Let's start the solution by substituting \(\cos x = t\). This implies that \(-\sin x\, dx = dt\). After this substitution, the integral becomes \[\int \frac{t}{1 + (1 - t^{2})}(-dt)\].

In this step, simplify the obtained integral. When simplifying, you get \[\int \frac{-t dt}{2 - t^{2}}\].

Evaluate the integral using the rule for the integral \(\int \frac{du}{a^{2} - u^{2}} = \frac{1}{a}\ln |\frac{a + u}{a - u}|\) for \(u = t\) and \(a = \sqrt{2}\). After applying this rule, the outcome becomes \[-\frac{1}{\sqrt{2}} \ln \left|\frac{\sqrt{2} + t}{\sqrt{2} - t}\right| + C\].

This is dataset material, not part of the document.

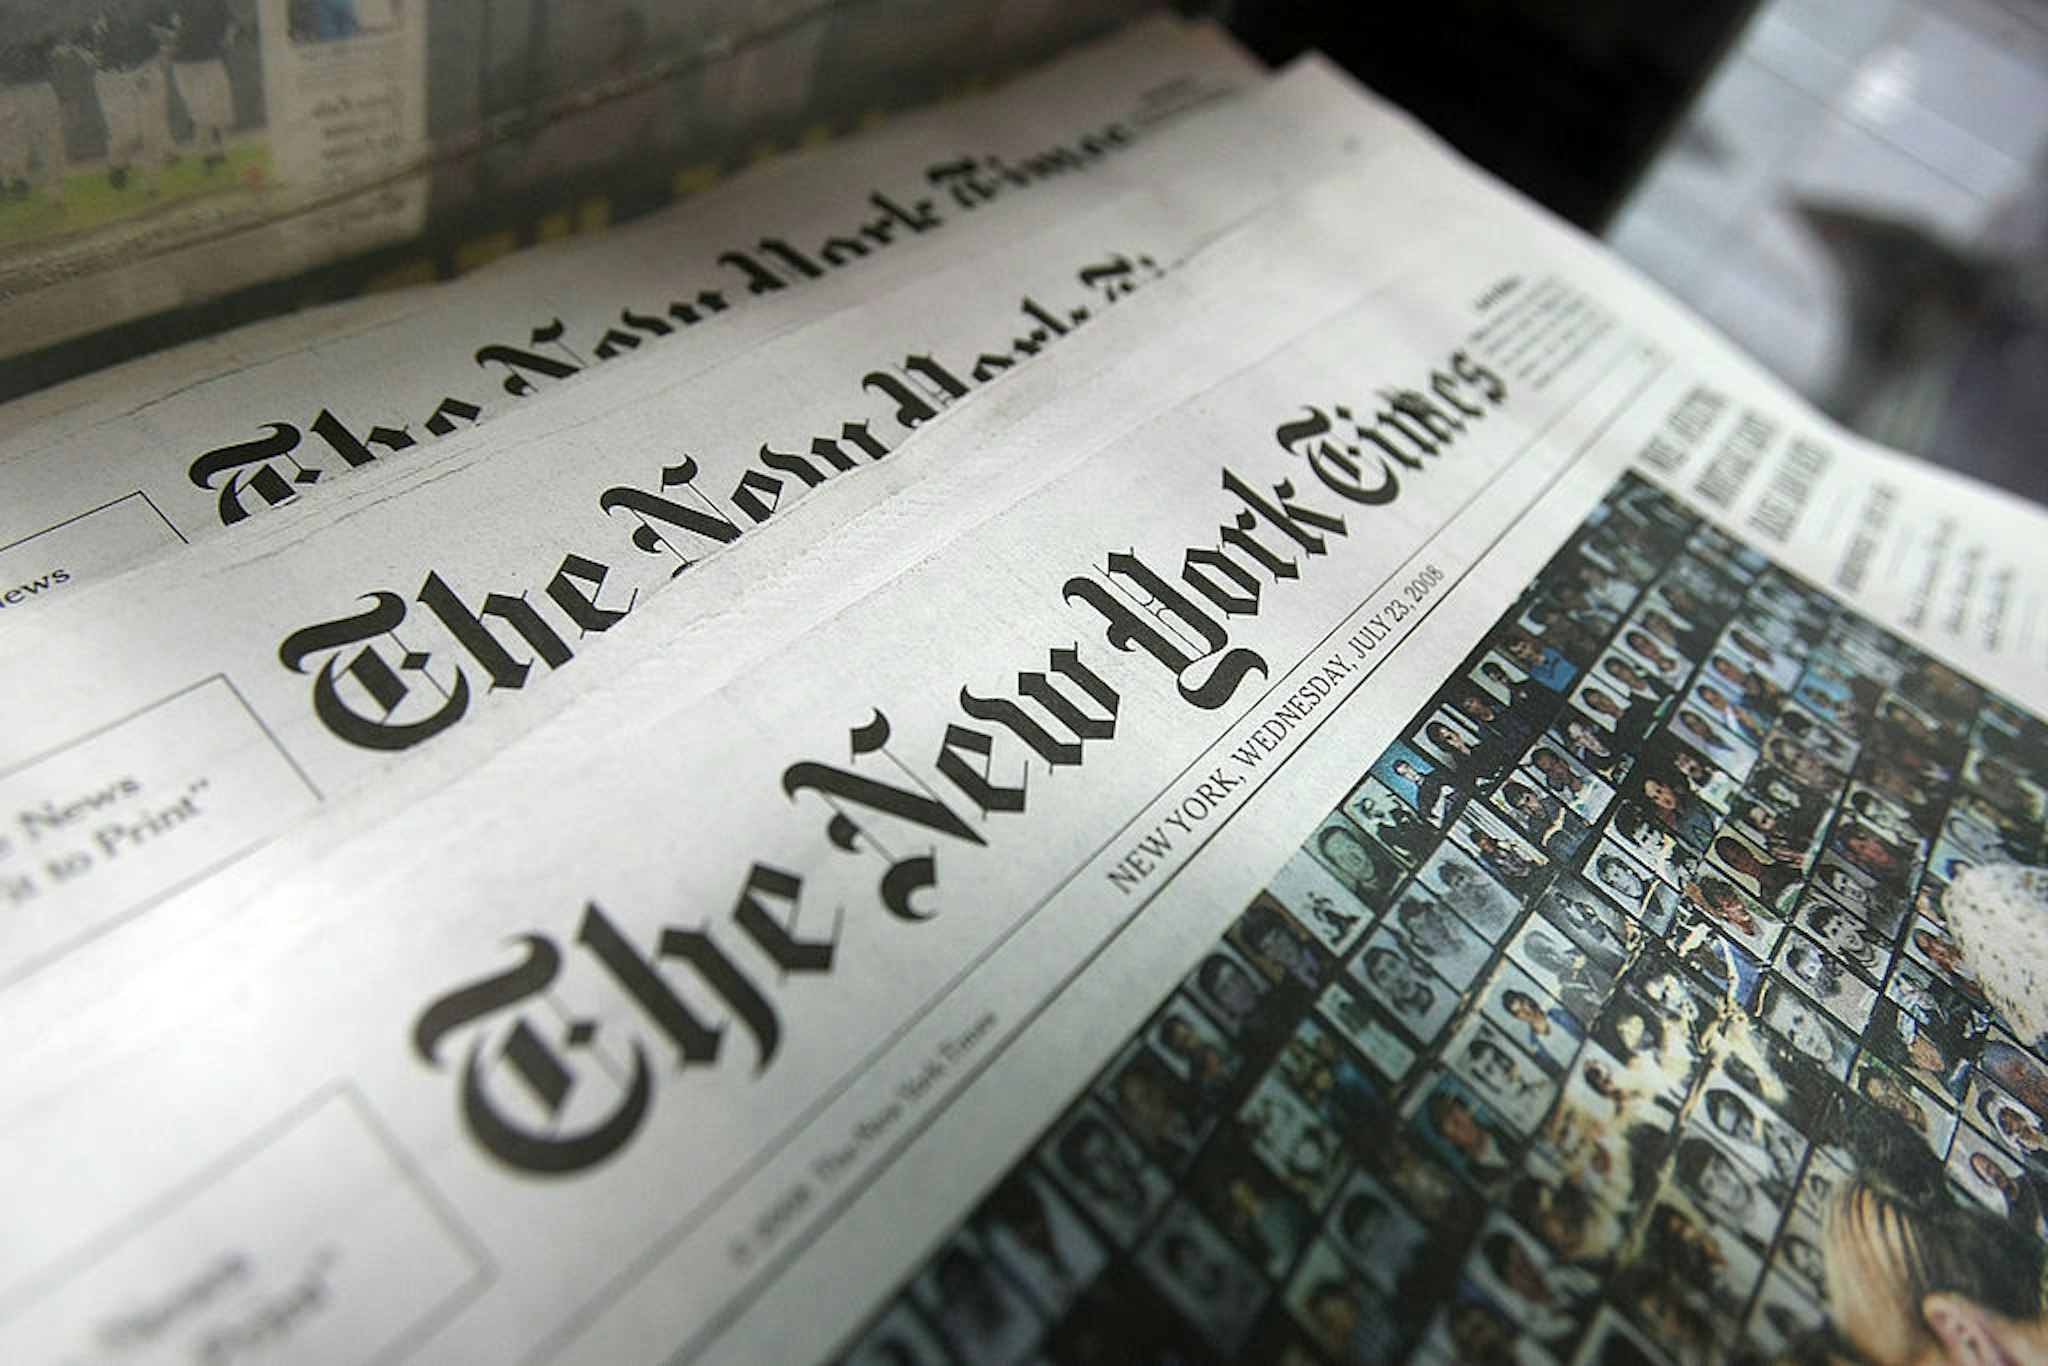 Copies of the New York Times sit for sale in a rack July 23, 2008 in New York City.
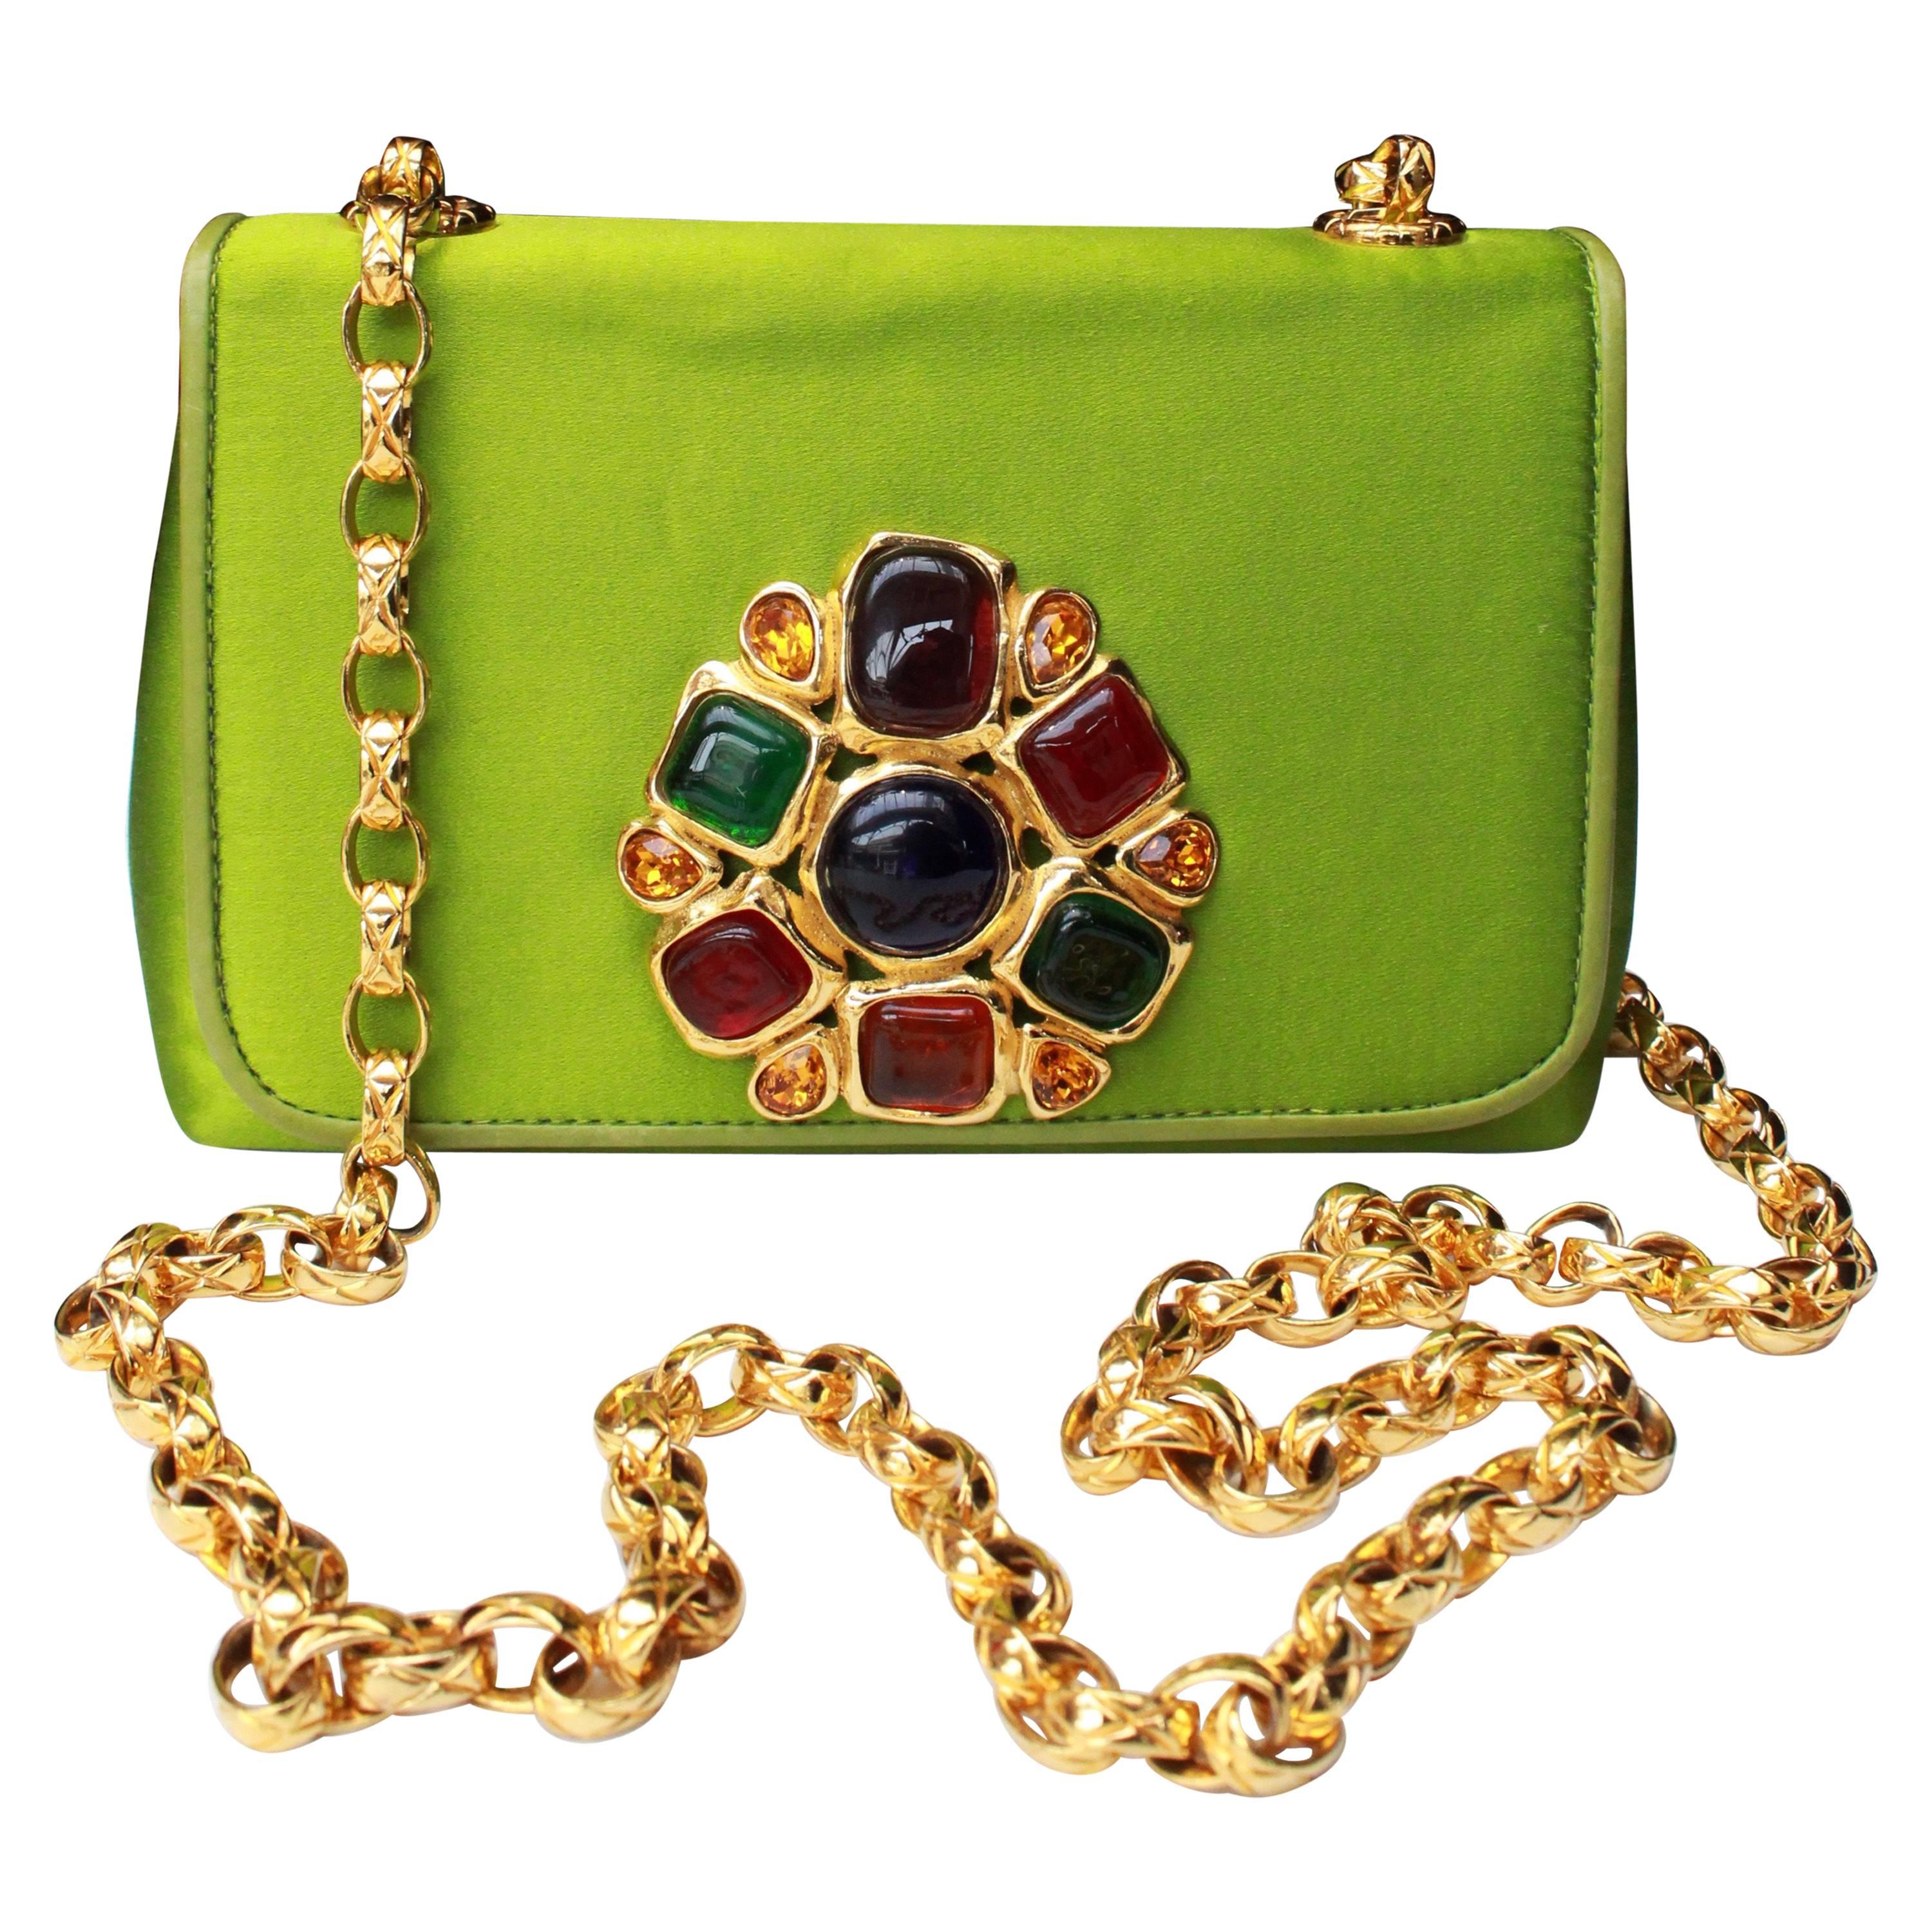 Chanel green satin jewel evening bag For Sale

In this step, replace \(t\) with \(\cos x\). The result is \[-\frac{1}{\sqrt{2}} \ln \left|\frac{\sqrt{2} + \cos x}{\sqrt{2} - \cos x}\right| + C\].

Finally, find the value for the definite integral. Using the variables of integration we have \(-\frac{\pi}{2}\) to \(\frac{\pi}{2}\). After applying these limits, the result is 0, because the function is an odd function and the limits are symmetrical around 0.